- _EXERCISE REQUIREMENTS_
Output exactly, and only, the stretch of lines beginning at the line with "C1C-web_04.jpg" and ending at the last line of the listing below. Drop the pictures.

- _DATA PROVIDED_
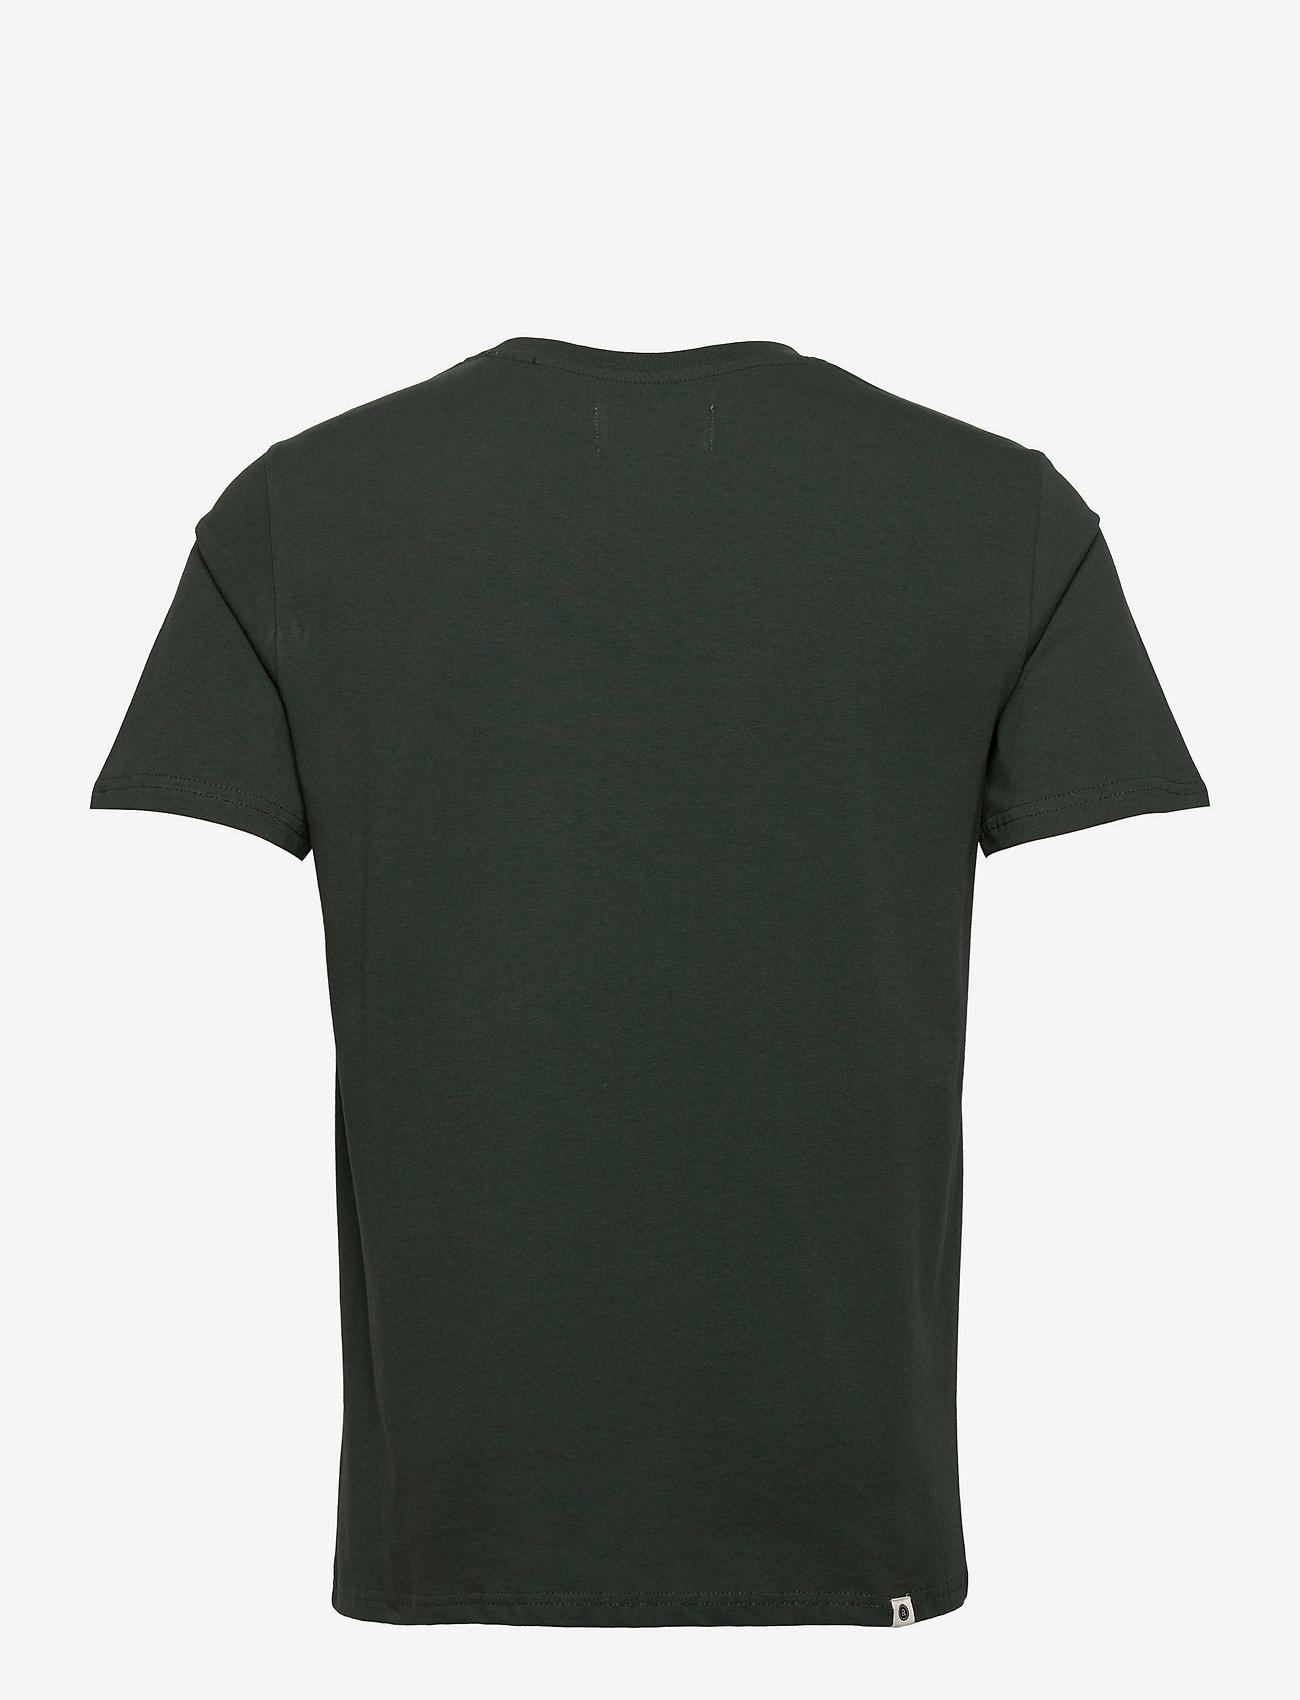 Anerkjendt - AKROD T-SHIRT - t-shirts - deep forrest - 1
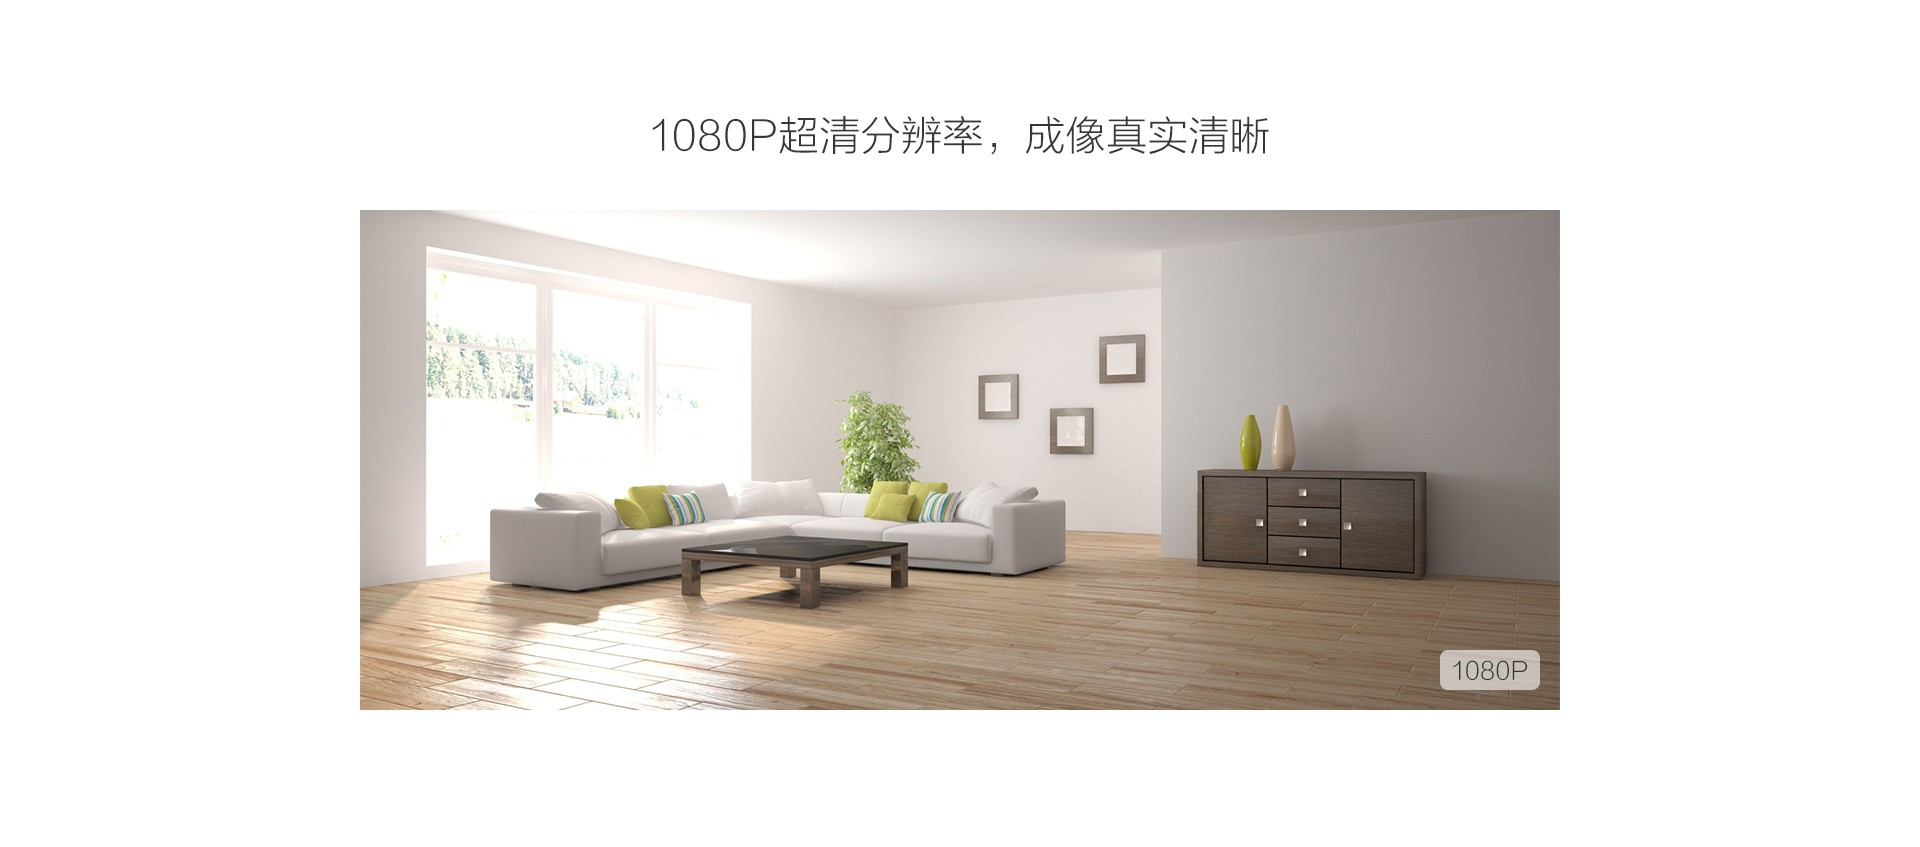 C1C-web_04.jpg
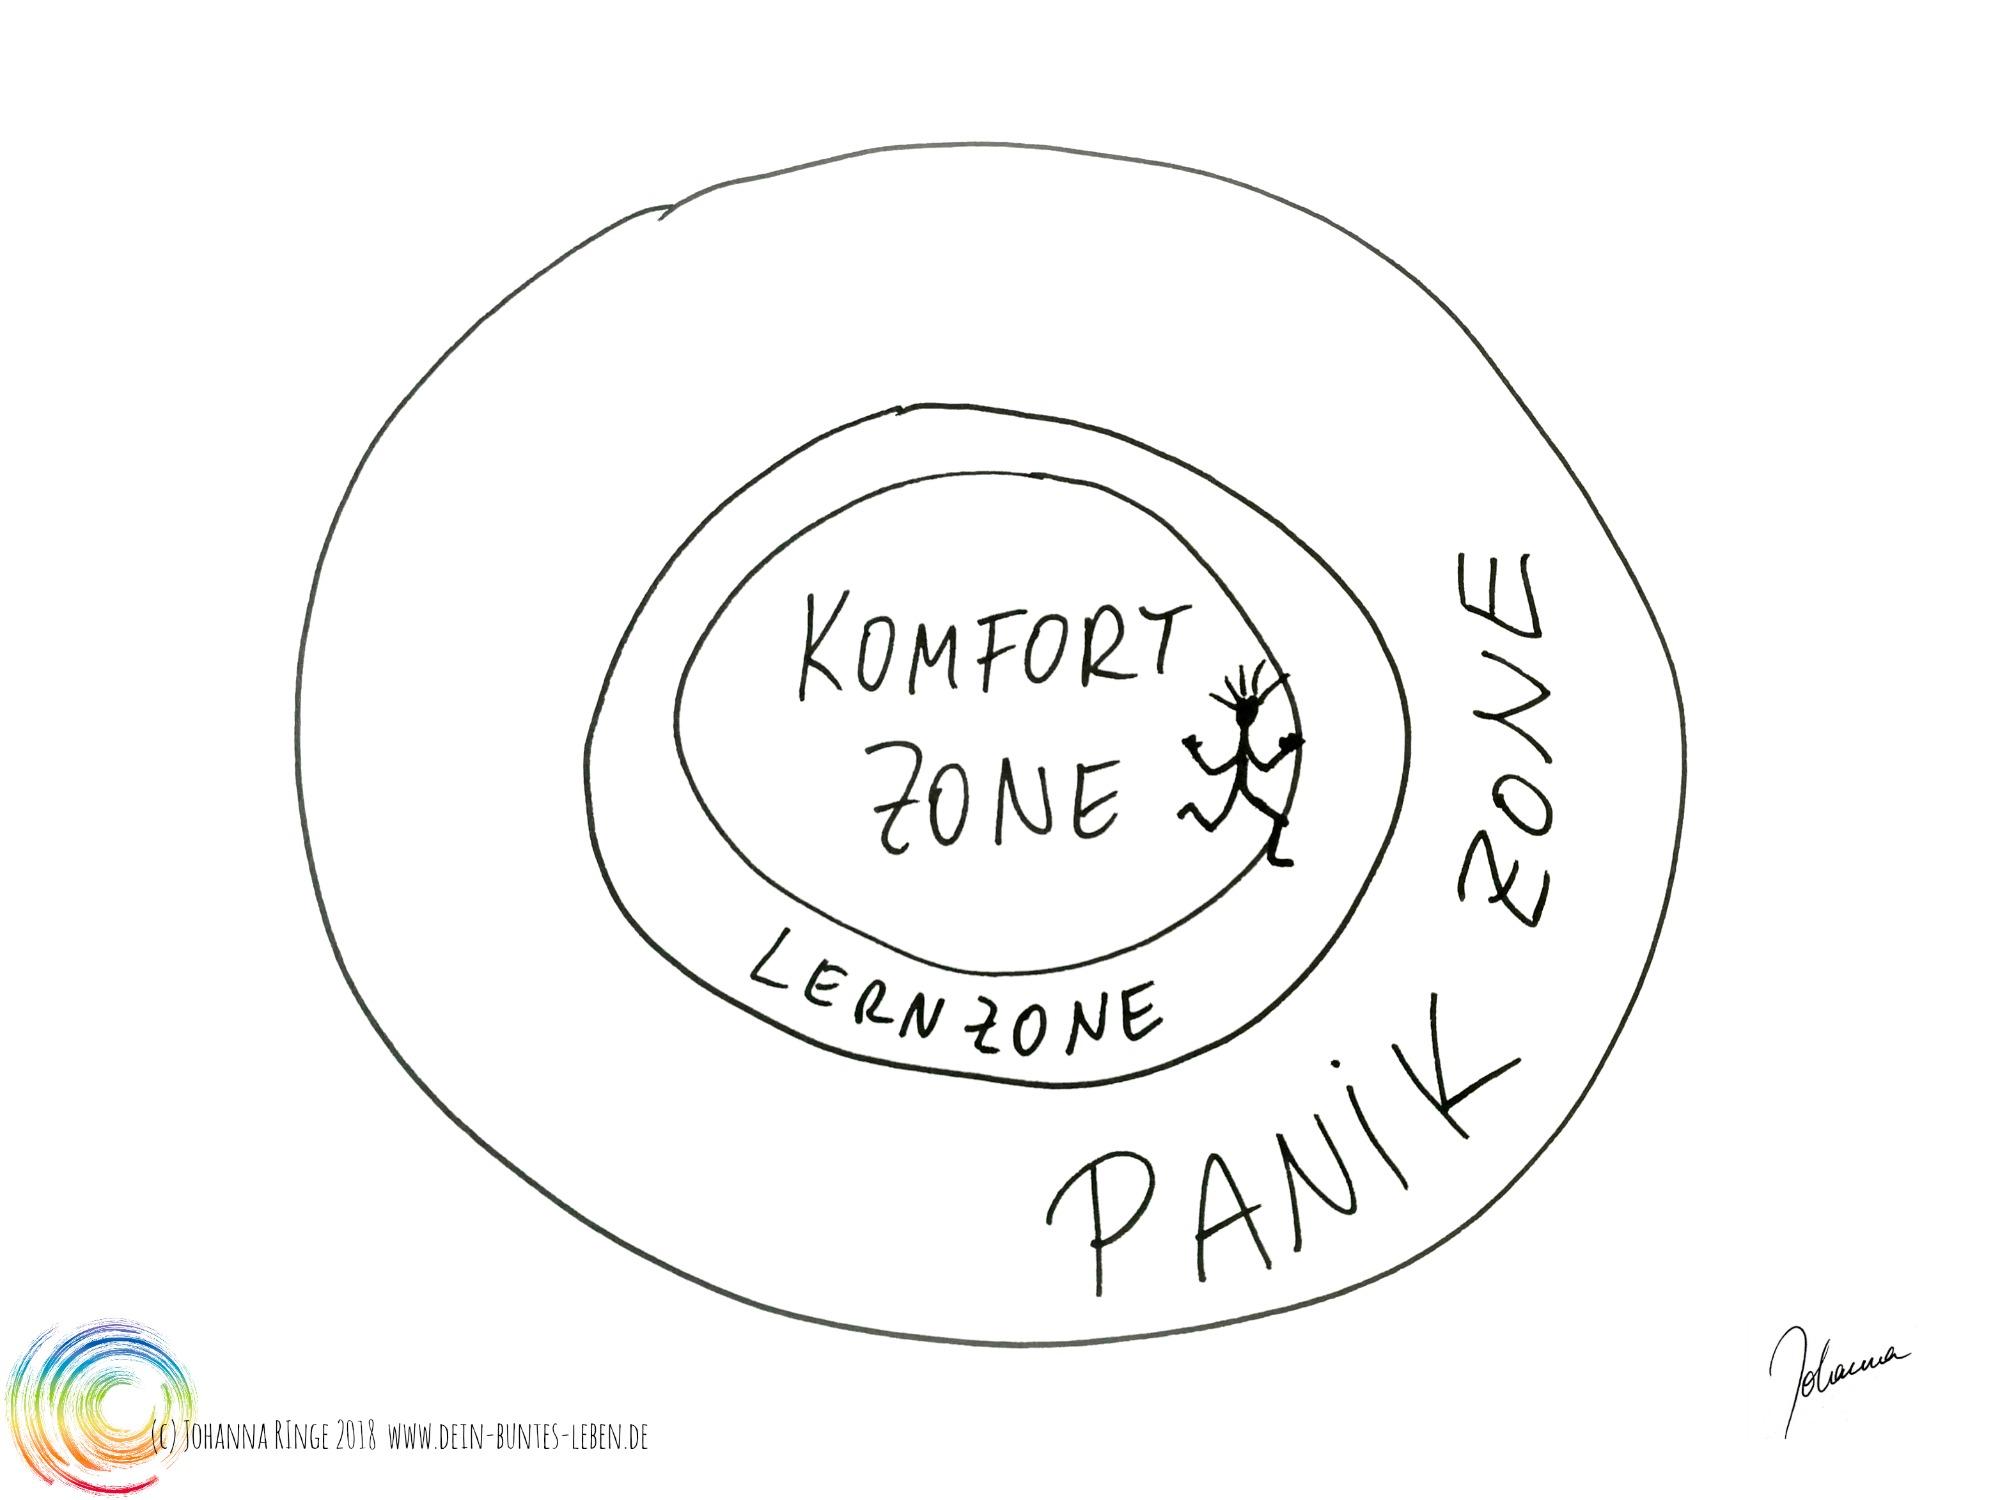 Lernen: Bild von konzentrischen Kreisen: innen Komfortzone, dann schmale Lernzone und aussen die Panikzone (c)2018 Johanna Ringe www.dein-buntes-leben.de
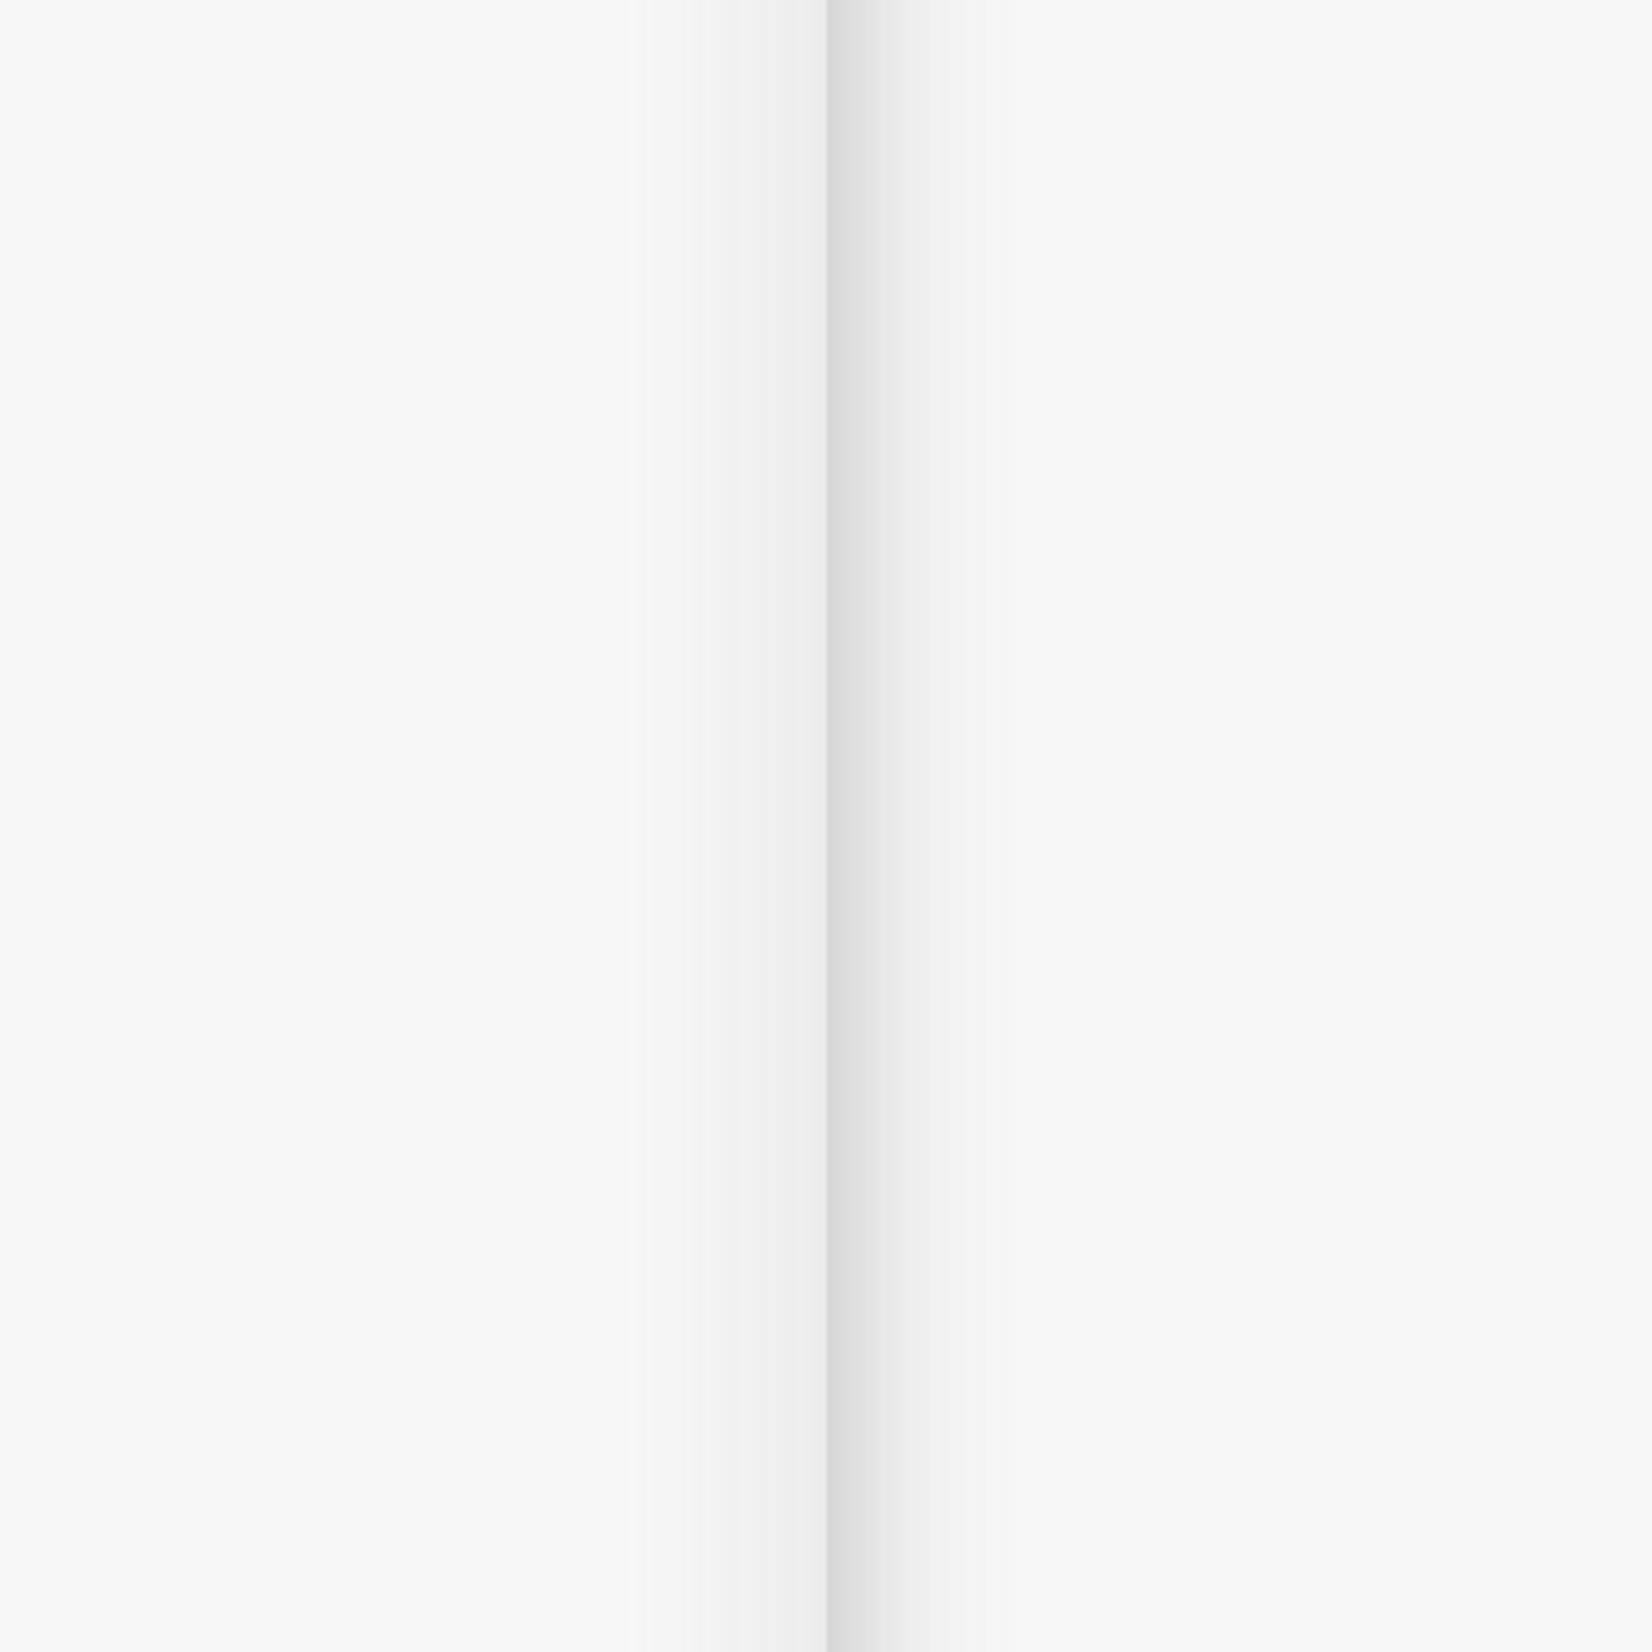 Brunnen Heft A5 20 Blatt - glatt - unliniert

- _YOUR RESPONSE_
 C1C-web_04.jpg
 Lernen: Bild von konzentrischen Kreisen: innen Komfortzone, dann schmale Lernzone und aussen die Panikzone (c)2018 Johanna Ringe www.dein-buntes-leben.de
 Brunnen Heft A5 20 Blatt - glatt - unliniert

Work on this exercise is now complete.